**DATA FOR REVIEW:**
..............................

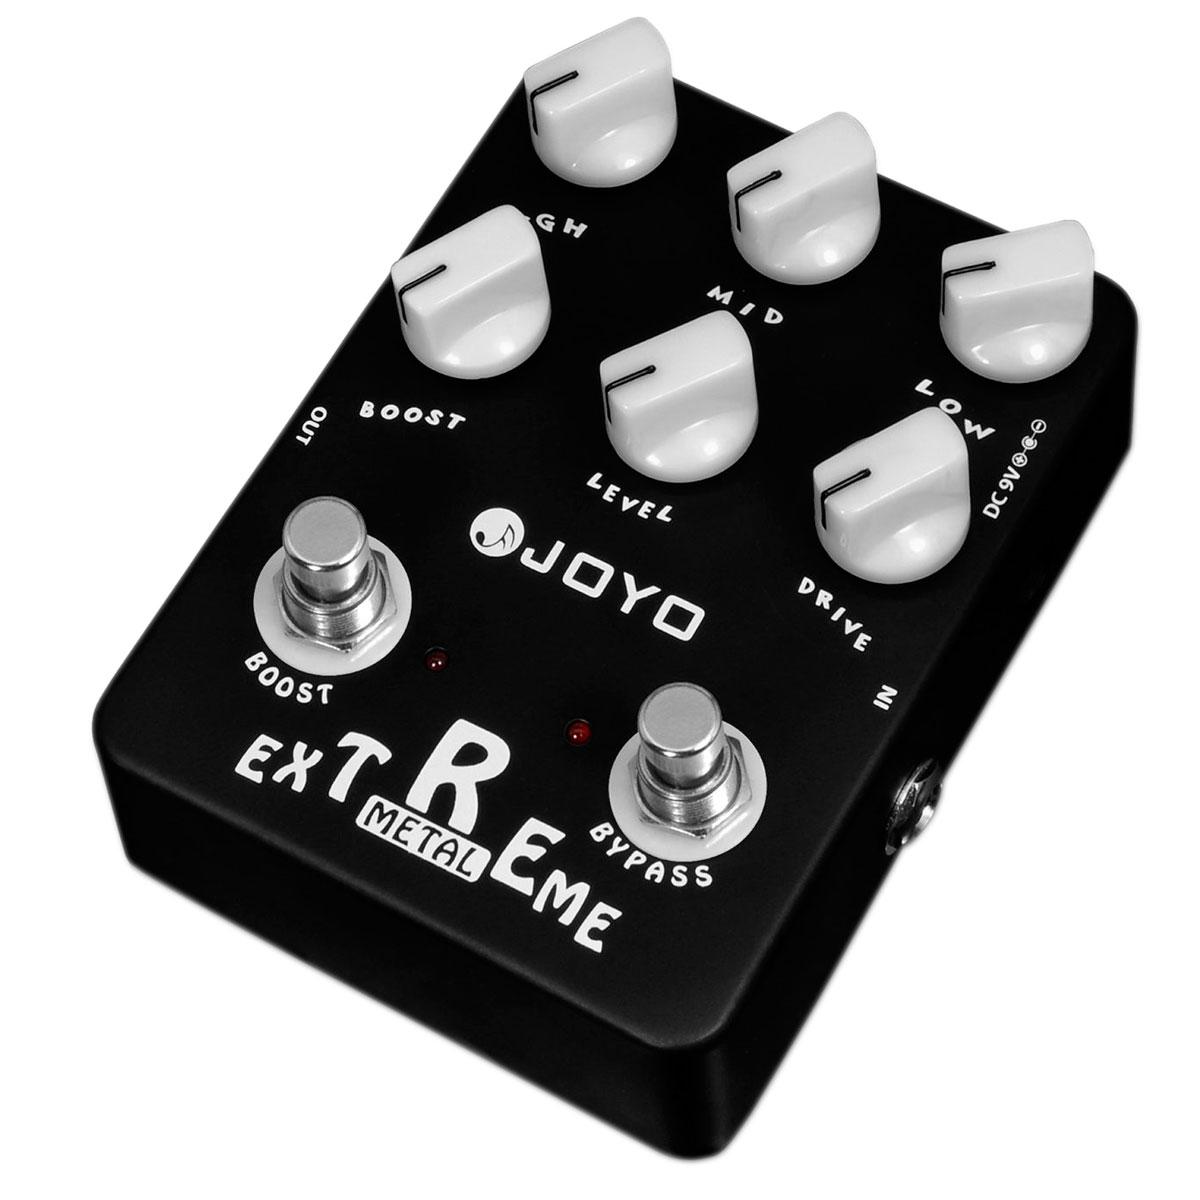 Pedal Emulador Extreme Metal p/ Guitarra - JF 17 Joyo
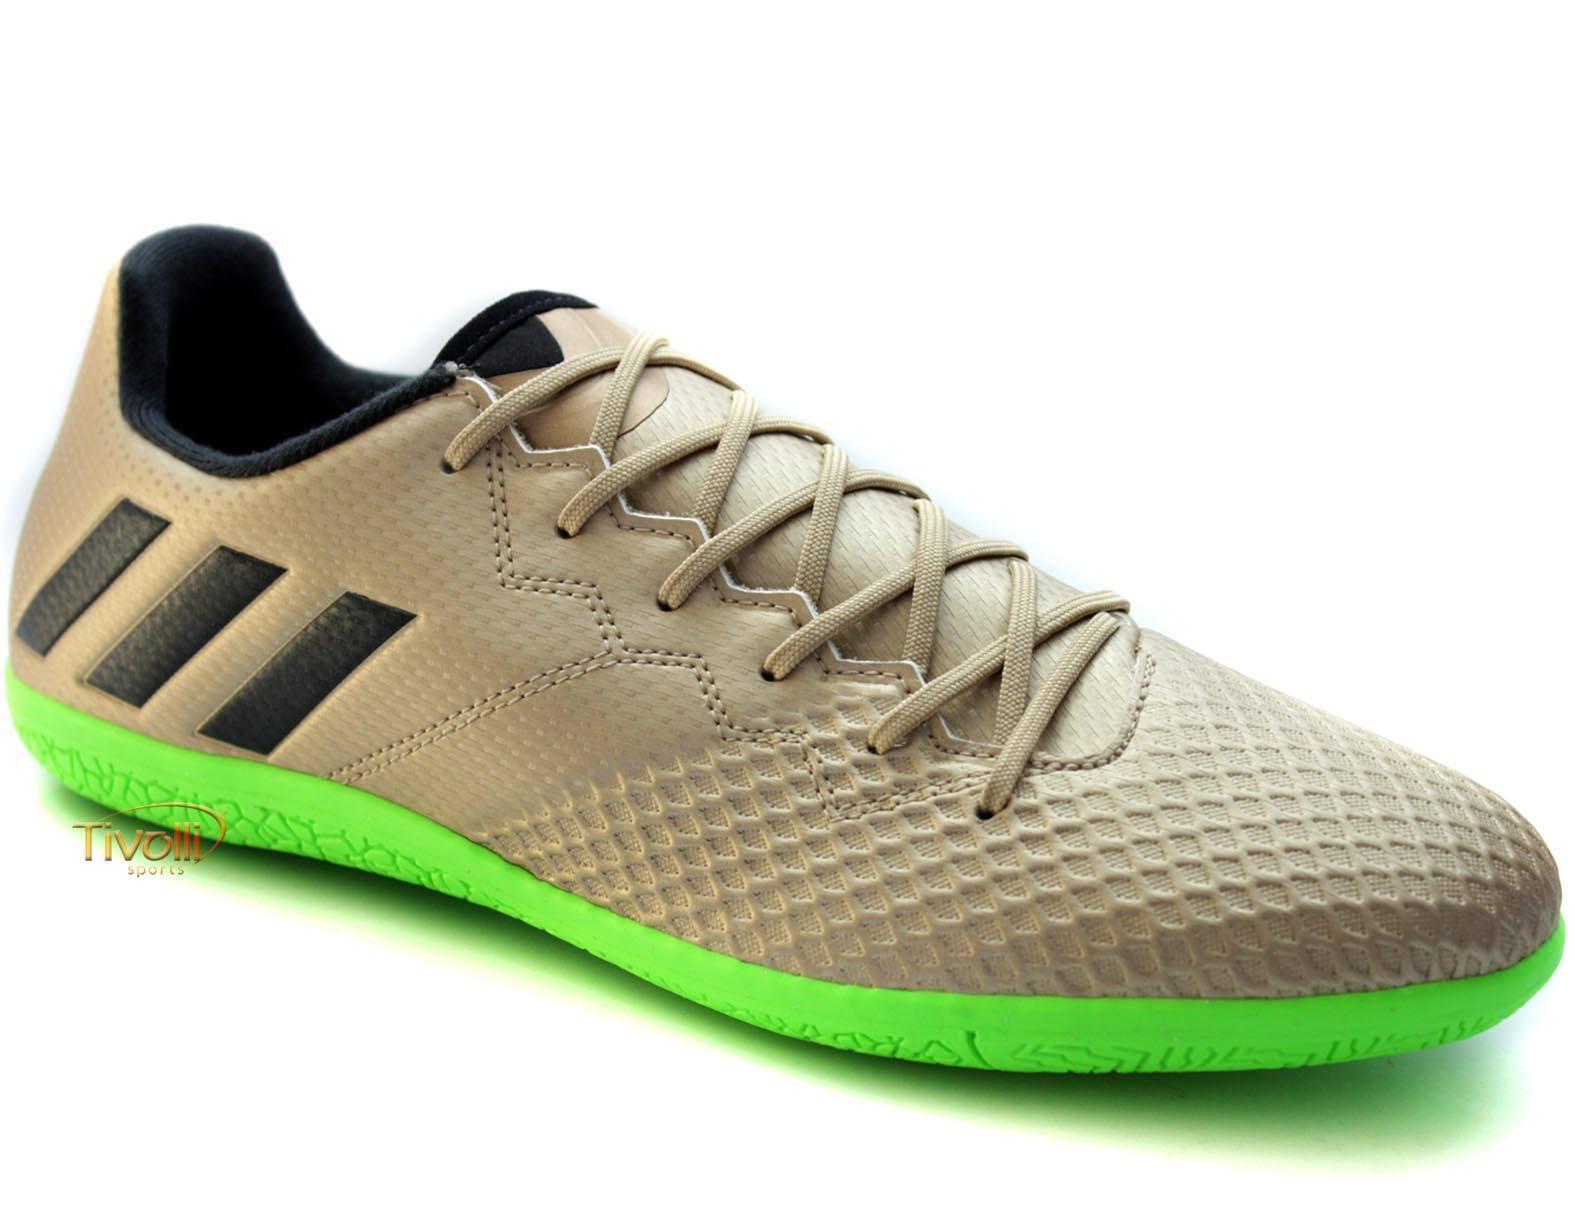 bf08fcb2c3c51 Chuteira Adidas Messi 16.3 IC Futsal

..............................

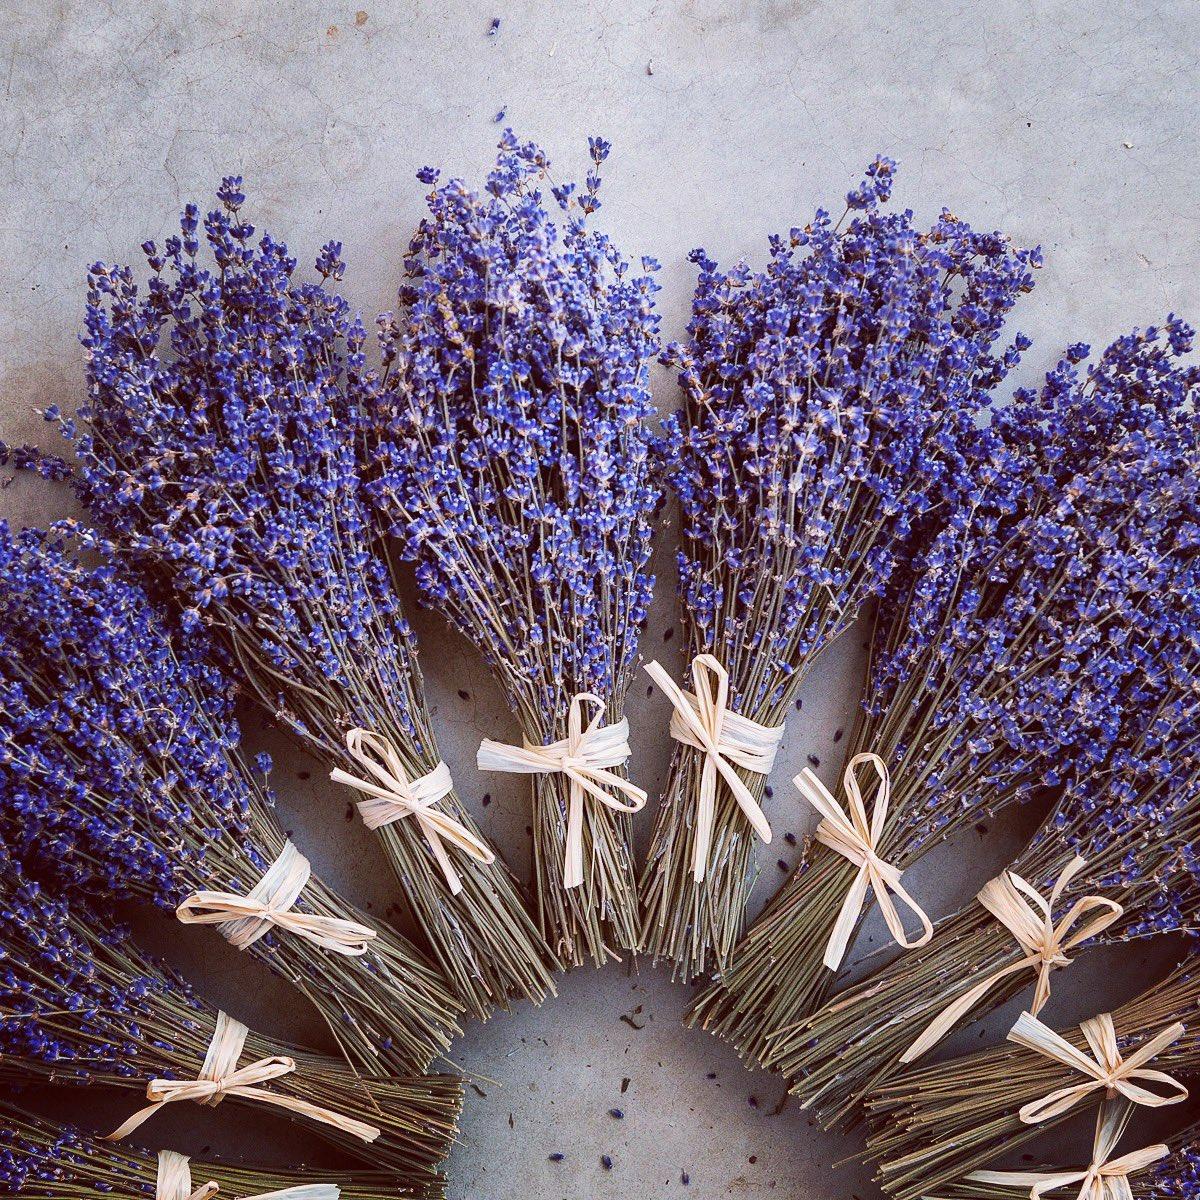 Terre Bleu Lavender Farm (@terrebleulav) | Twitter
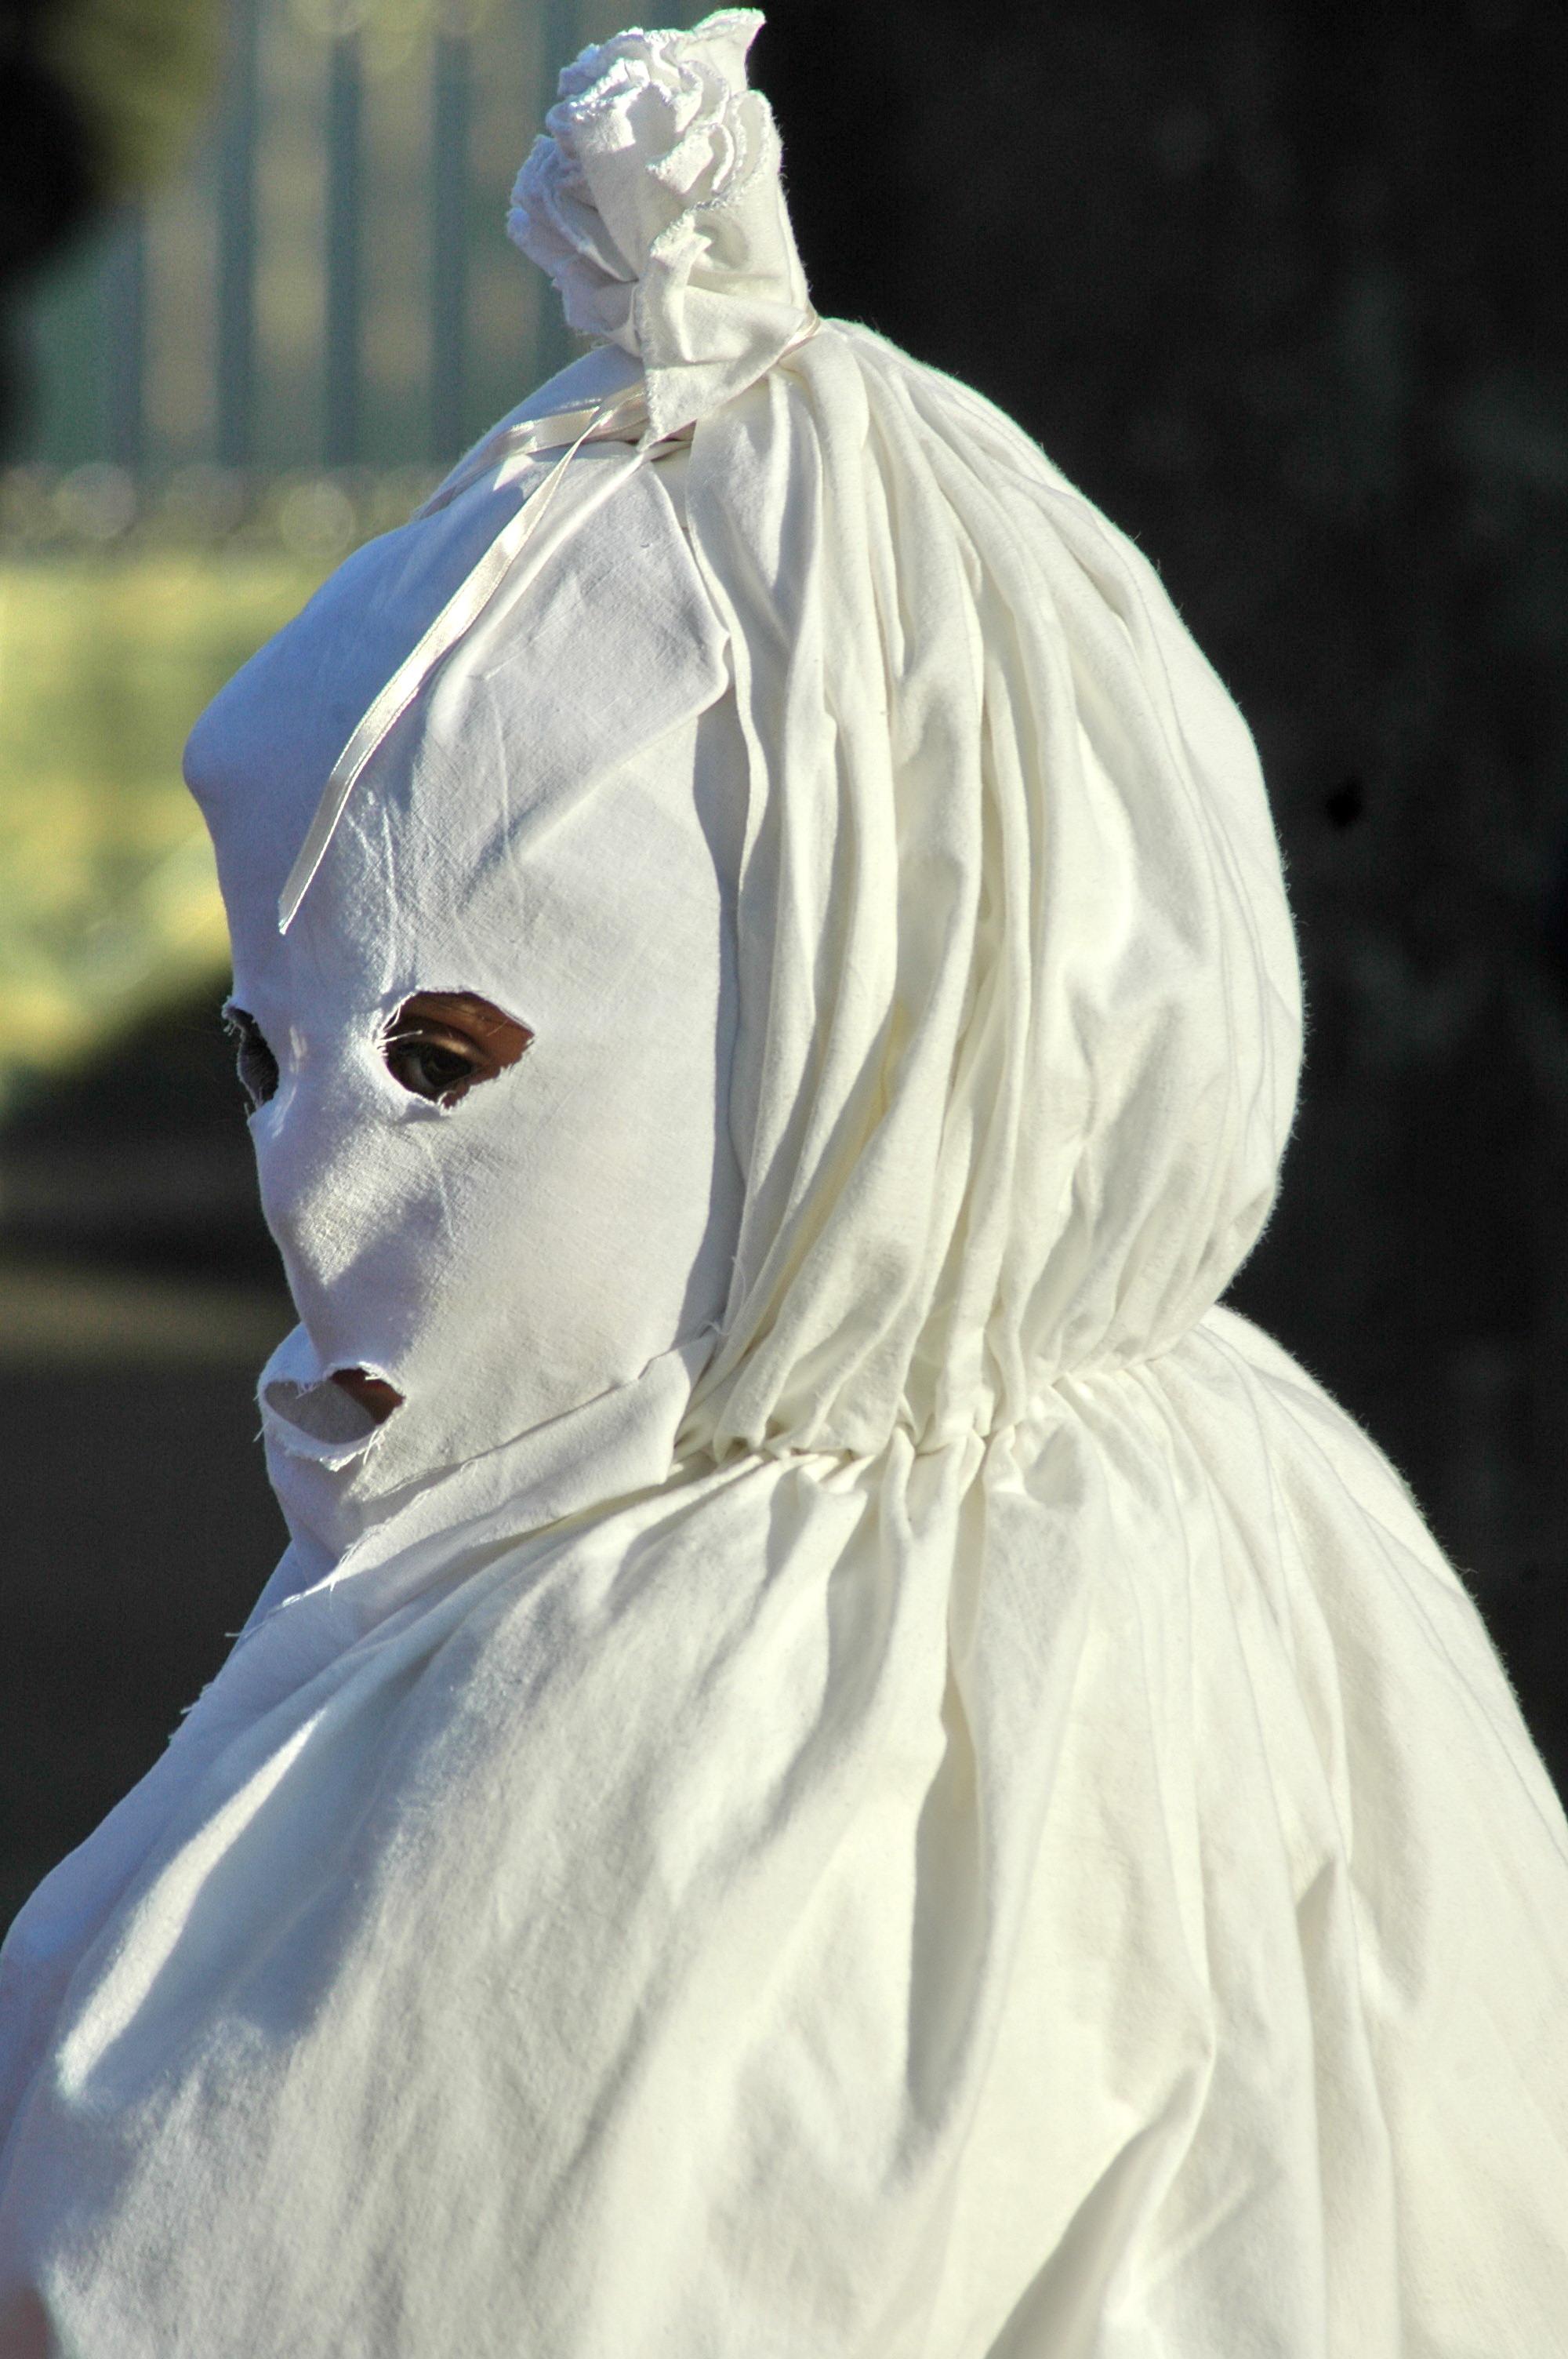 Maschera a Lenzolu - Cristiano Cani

..............................

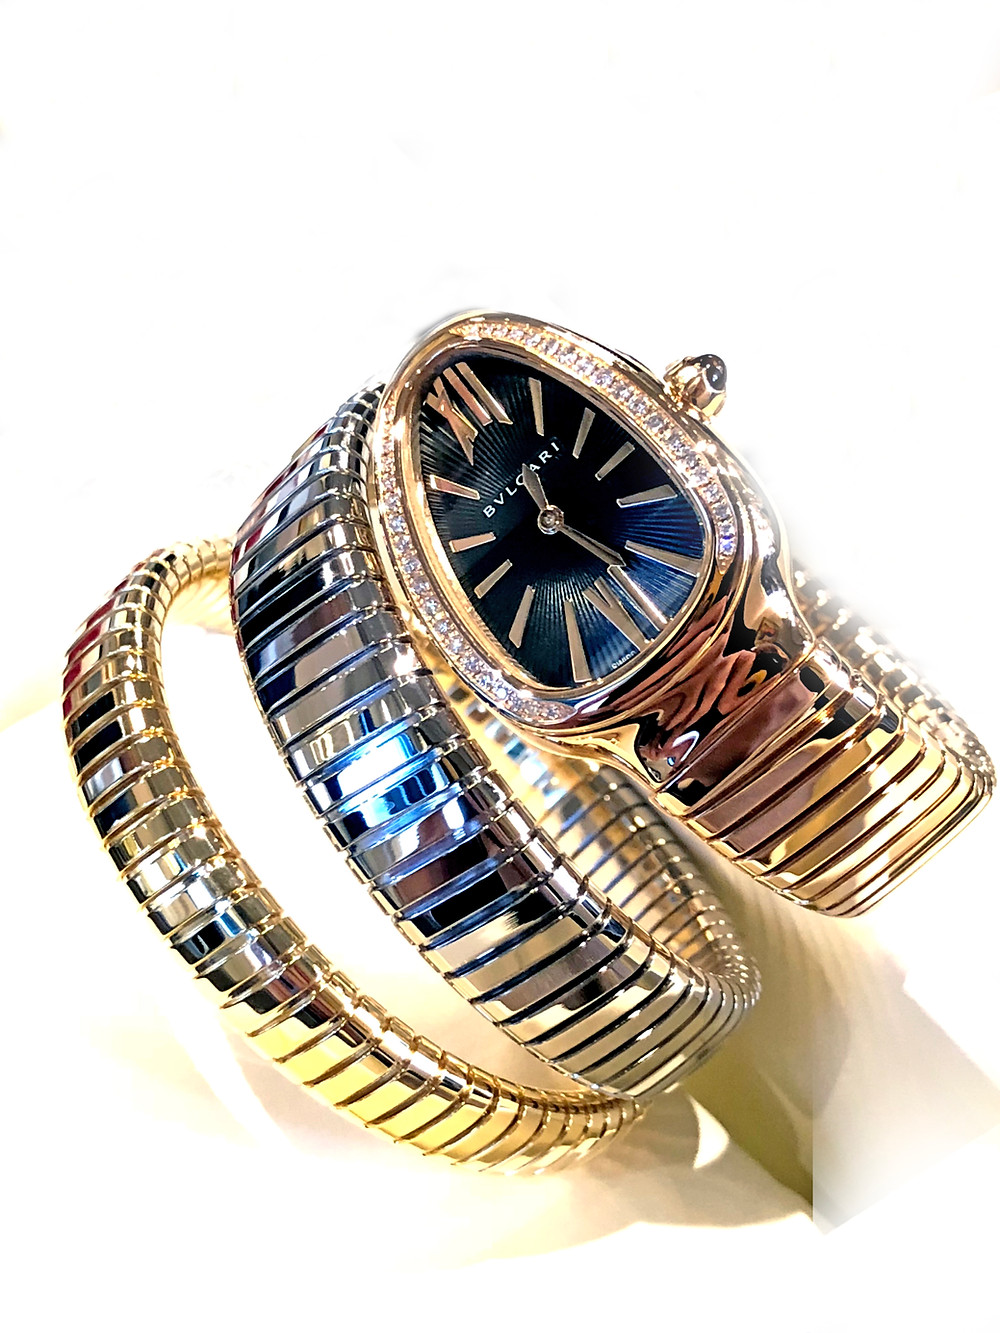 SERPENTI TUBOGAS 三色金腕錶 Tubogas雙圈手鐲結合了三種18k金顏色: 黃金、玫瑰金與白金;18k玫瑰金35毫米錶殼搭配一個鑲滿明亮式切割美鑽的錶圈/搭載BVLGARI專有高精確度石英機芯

..............................

Set down, exactly as written above, each line from the one with "Terre Bleu Lavender" through the one with "Maschera a Lenzolu - Cristiano Cani", and skip the pictures.

 Terre Bleu Lavender Farm (@terrebleulav) | Twitter
 Maschera a Lenzolu - Cristiano Cani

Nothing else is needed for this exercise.